Nama CEO rejects claims that agency is too soft on developers

Dáil Committee told salaries for developers costing approximately €10m per annum

The National Asset Management Agency (Nama) has once again rejected claims that it is too soft on developers who borrowed too much during the boom.

Nama chief executive Brendan McDonagh said that while the agency has been more patient in its dealings with debtors than many corresponding private sector commercial bank or private equity entities would be, the agency could not allow negotiations with developers to continue indefinitely.

Mr McDonagh and other senior representatives from Nama appeared before the Public Accounts Committee on Thursday to brief members on a number of issues including bond redemptions, assets sales and key developments such as plans to provide upfront funding for social housing and the redevelopment of the Dublin Docklands.

The head of Nama said suggestions that the agency had been lenient with developers were untrue.


“We have been before this committee and others in the past and have had to defend ourselves against the view that perhaps we have been too soft on debtors by allowing them to retain part of the income from their asset cashflows as salaries. More recently, there seems to be a suggestion that we have been too demanding of some debtors. Nama disagrees with both of these assertions,” he said.

“Our approach to dealing with any debtor - be they large or small, cooperative or uncooperative - is to be resolute but fair. We seek the course of action which will deliver the best return for taxpayers but which is also within the debtor’s capacity to deliver, given our knowledge of the debtor’s assets and the remaining assets available to the debtor to meet his debt obligations,” Mr McDonagh added.


Responding to a question by Sinn Féin deputy leader Mary Lou McDonald, Mr McDonagh said that while no developers in Nama were currently receiving performance related bonuses, it was something that was under consideration.

Mr McDonagh said there are 122 developers in Nama who are currently drawing a salary at a collective cost of €10million per annum. Of these, three individuals were drawing salaries of €200,000 while a further 13 individuals were on salaries of between €150,000 and €199,000.

Mr McDonagh told committee members that Nama has generated €23.2 billion in cash from its loans since being set up five years ago this month and has repaid 55 per cent of its outstanding senior debt, two years ahead of schedule.

“Our faster-than-anticipated progress on the debt redemption has been made possible by the major improvement in conditions in the Irish commercial property market over the past 18 months and the depth of investor capital being deployed towards Ireland”, said Mr McDonagh.

Nama reported profits of €214 million last year. For the first six months of 2014 it made a profit of €102 million.
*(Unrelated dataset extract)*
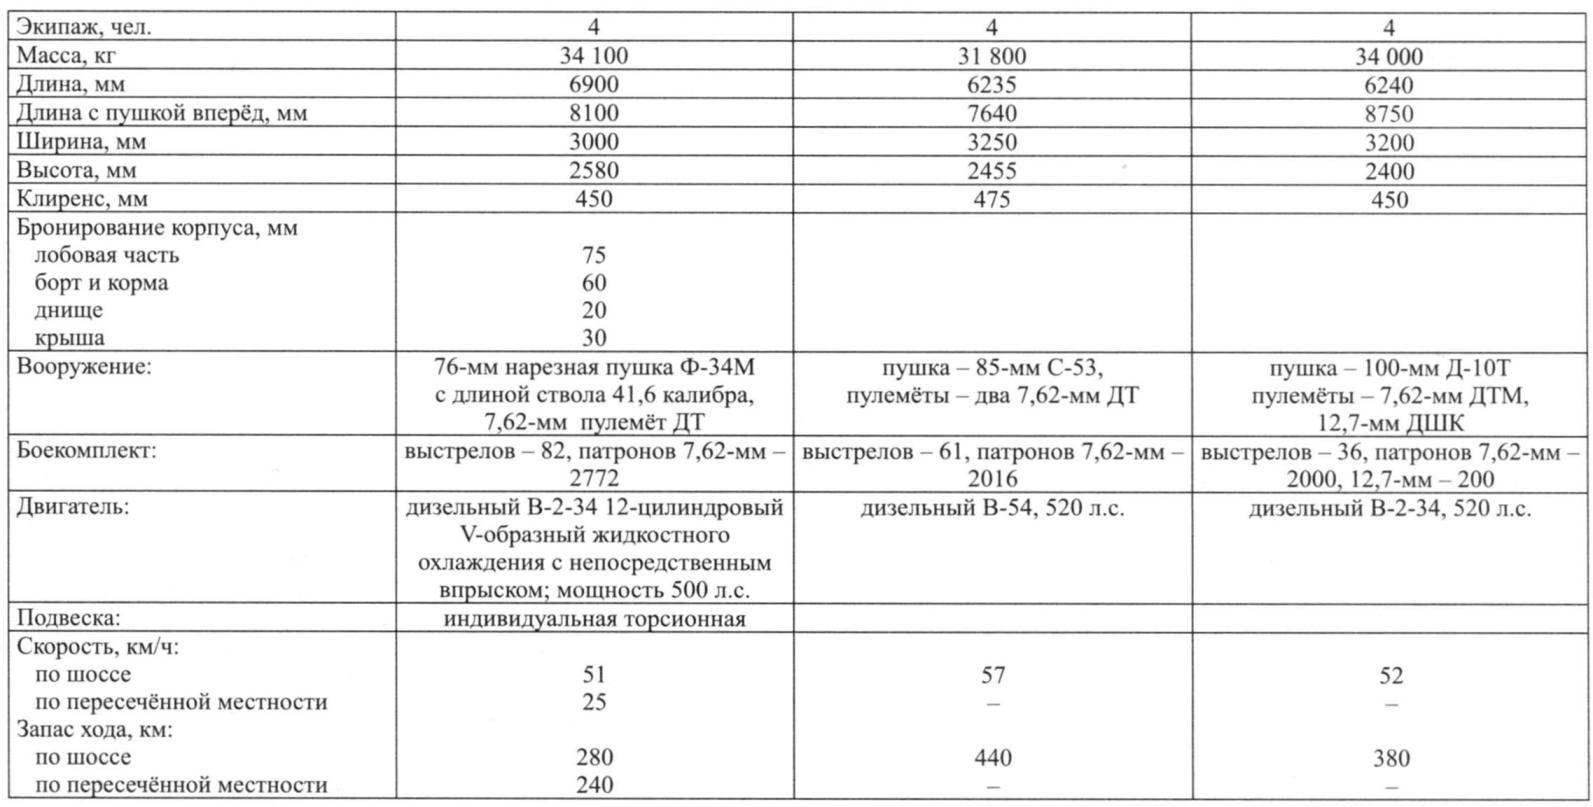 ТАКТИКО-ТЕХНИЧЕСКИЕ ХАРАКТЕРИСТИКИ СРЕДНЕГО ТАНКА Т-43, Т-44А, Т-44-100

The agency also generated cash of €5.4 billion during the first half of this year compared with €2 billion in the same period of 2013.

Dublin Docklands SDZ

On Wednesday, Nama named Singapore's Oxley Holdings as the preferred bidder for a key 2.35 hectare site close to the proposed new headquarters of the Central Bank.

Commenting on the development of the Dublin Docklands SDZ (Strategic Development Zone), Mr McDonagh reiterated that Nama is not a developer and had no interest in becoming one. However, he added that with a number of important sites under the control of its receivers, it was well placed to co-ordinate and drive the potential and delivery of viable commercial and residential projects in the Docklands area.

“We are not wedded to any particular approach when setting strategy for individual SDZ sites. We have made it clear that we are in a position to fund all of the development if that is required but we are also conscious of the need to ensure that not all of the risk falls on taxpayers. For that reason, we see substantial scope for private investors to provide the necessary funding for at least some of the sites,” he said.

Mr McDonagh said a detailed business plan has been prepared for each of the sites in which Nama has an interest, comprising 75pc of the 22 hectares of undeveloped land in the SDZ area.

“Our initial appraisal suggests that up to 3.4m sq ft of commercial space and 1,848 apartments could potentially be delivered if all these sites were to be fully developed over the next five to seven years.”

Mr McDonagh added that the agency has a role in four major projects announced in recent weeks - Boland’s Mill, the South Docks Fund, the City Development Fund and Project Wave. In total, these initiatives are expected to provide over 1.5m sq ft of office, retail, residential and cultural accommodation in the Docklands.

Residential housing

Mr McDonagh also told committee members that the agency was making a contribution to addressing residential supply shortages in the Greater Dublin area.

He said the agency had established a dedicated team to coordinate the completion of 4,5000 residential units and to assess the scope for delivery of additional apartments.

“We have exceeded our end-2014 target of funding the delivery of 1,000 residential units and we expect that another 1,500 residential units will be delivered in 2015 with the residual to be delivered in 2016,” he said.

The head of Nama also said the agency was contributing to the provision of social housing with local authorities having confirmed demand for just over 2,000 of the 5,500 houses and apartments that it had made available.

“By the end of this year, we will have exceeded the target of delivering 1,000 of these units for social housing and expect to deliver the remaining social housing units over the course of 2015,” he said.